The order of an operation refers to the amount of time an operation takes to complete. As a general rule, an algorithm runs with constant time if it works on a single piece of data.
On the other hand, the order of an operation can vary greatly when dealing with collections.
1. Constant Time – O(1)
O(1) operations always take approximately the same amount of time, regardless of the size of a collection.
1.1 Array
Accessing an element in an array is a constant time operation, since the index is just an offset to the start of the array.
public int GetValueAtLocation(int[] arr, int index) { // Bounds checking if (arr == null) throw new ArgumentNullException(); if (index < 0 || index >= arr.Length) throw new ArgumentException(); // This operation runs with constant time return arr[index]; } |
1.2 Hashtable
Retrieving a value from a hashtable using a key can be done in almost linear time, depending in the implementation of the hashtable.

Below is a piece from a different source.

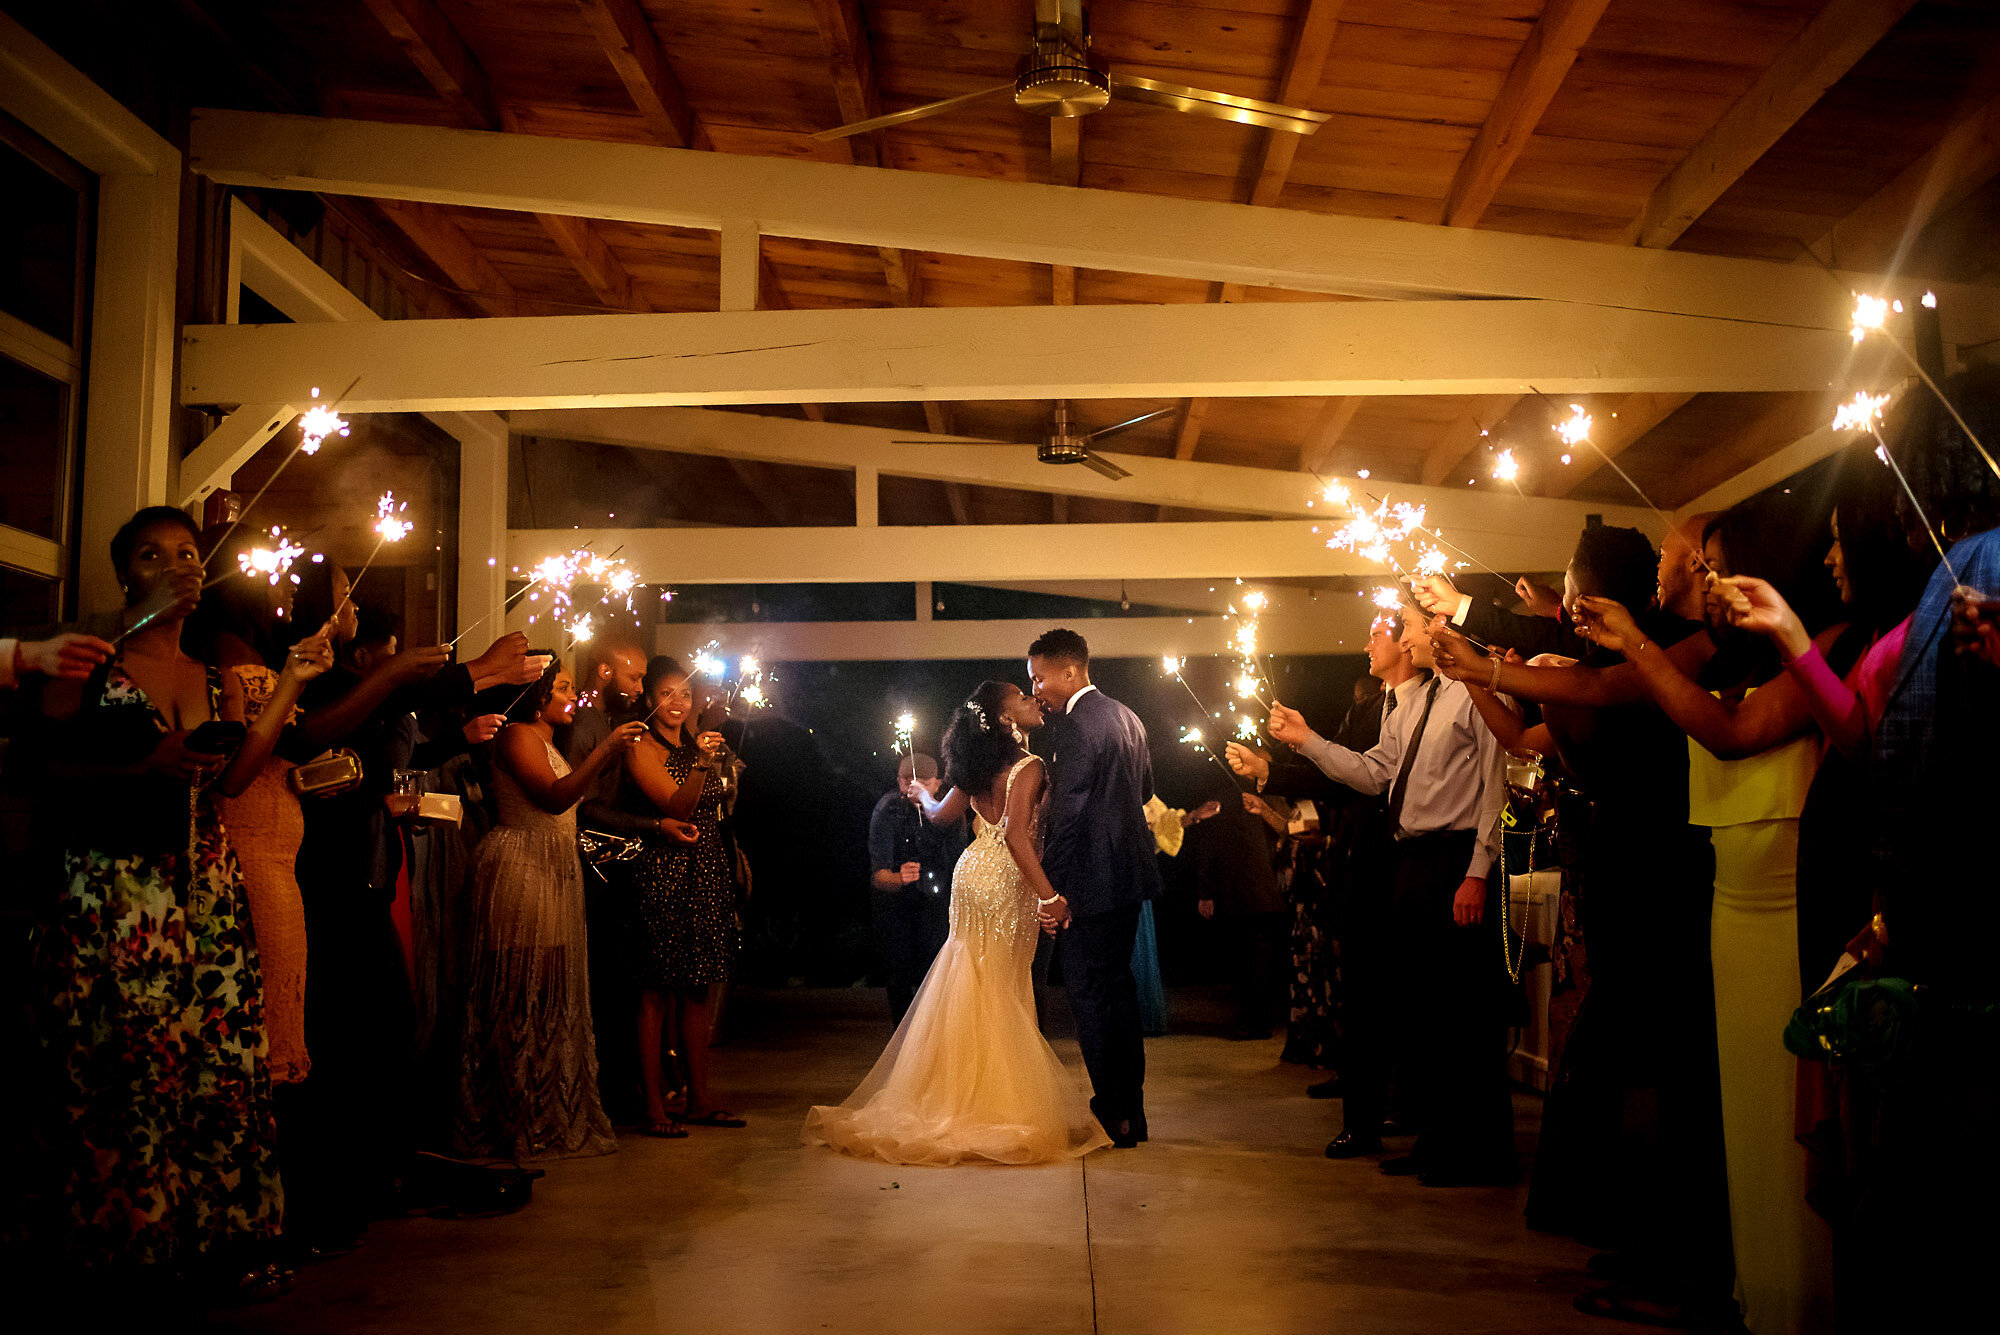 73-Austin-wedding-photographer-Jide-Alakija-couples exit with sparklers.jpg.JPG

The time of retrieval depends on how well the hash key is implemented for the type being used as a key.
2. Log Time – O (Log(N))
Some operations take the log of the number of items to perform.
2.1 Binary Search
Binary search is used to find an item in a sorted array. With binary search, we half the number of elements we need to search during every iteration.
- /// <summary>
- /// Using binary search, find smallest int in array
- /// that has been sorted and rotated an unknown number of times.
- /// <example>
- /// arr = {93, 105, 124, 7, 23, 45, 87}
- /// returned index is 3
- /// </example>
- /// </summary>
- static int FindSortedArrayRotation(int[] arr)
- {
- if (arr == null) throw new ArgumentNullException();
- if (arr.Length == 0) throw new ArgumentException();
- int left = 0;
- int right = arr.Length - 1;
- int center = right / 2;
- if (arr[left] <= arr[right]) return 0;
- while (true)
- {
- if (left + 1 == right)
- {
- if (arr[left] < arr[right])
- {
- return left;
- }
- else
- {
- return right;
- }
- }
- else if (arr[left] > arr[center])
- {
- left = center;
- }
- else
- {
- right = center;
- }
- center = (right - left) / 2 + left;
- }
- }
3. Linear Time O(N)
The amount of time an O(N) operations takes place is proportional to the number of elements the algorithm is working on.
3.1 Search Unsorted Array
To search an unsorted array, we need to go through all the elements one at a time until we find what we are looking for.
- public int Search(int[] arr, int val)
- {
- for (int i = 0; i < arr.Length; i++)
- {
- if (arr[i] == val)
- return i;
- }
- return -1;
- }
The important point about the above method is that the ‘for’ loop goes through the array once.
3.2 Perform operation on all elements
By nature this is a linear operation.
- public void DoSomething(int[] arr)
- {
- // Do setup
- for (int i = 0; i < arr.Length; i++)
- {
- // Do something
- }
- // Do cleanup
- }
4. Non-linear Time O(N2)
With O(N2) time, we go through the array once for every element in the array (worse case).
- public void BubbleSort(int[] arr)
- {
- for (int i = 0; i < arr.Length - 1; i++)
- {
- for (int j = i + 1; j < arr.Length; j++)
- {
- if (arr[i] > arr[j])
- {
- int t = arr[i];
- arr[i] = arr[j];
- arr[j] = t;
- }
- }
- }
- }
Note: We know that it is O(N2) because we have two embedded for loops. The order of operation is just the number of embedded loops.
5. Non-linear Time O(Nm)
Here is a trick question. What is the Big O of this operation?
- public void DoSomething(int[] arr)
- {
- // Do setup
- // loop 1
- for (int i = 0; i < arr.Length; i++)
- {
- // loop 2
- for (int j = 0; j < arr.Length; j++)
- {
- DoAction1();
- }
- // loop 3
- for (int j = 0; j < arr.Length; j++)
- {
- // loop 4
- for (int j = 0; j < arr.Length; j++)
- {
- DoAction2();
- }
- }
- }
- // Do cleanup
- }
Since we have loop 1, that means we are dealing with a linear operation (at least). Loop 2 is embedded in loop 1, so now we have an O(N2) operation (at least).
The operation also has loop 3. Loop 2 and 3 are side by side, so they don’t affect the order of the operation. It is still O(N2) for now.
For loop 1,2 the order of operation is O(N2).
For loop 1,3,4 the order of operation is O(N3).
The higher order for the second one wins and the overall order of the method becomes O(N3).
Keep in mind that the order of operation for DoAction1 and DoAction2 must be taken into account. The order of operation of all embedded operations must be multiplied.
For the above DoAction1 and DoAction2, we had assumed the operation was in constant time. Now let’s assume the order for DoAction1 is O(N3) and order for DoAction2 is O(N1).
When we do this, loop 1,2 becomes 2 + 3 = 5, or O(N5).
Loop 1,2 becomes 3 + 1 = 4, or O(N4).
The first one wins now and the order of operation now becomes O(N5).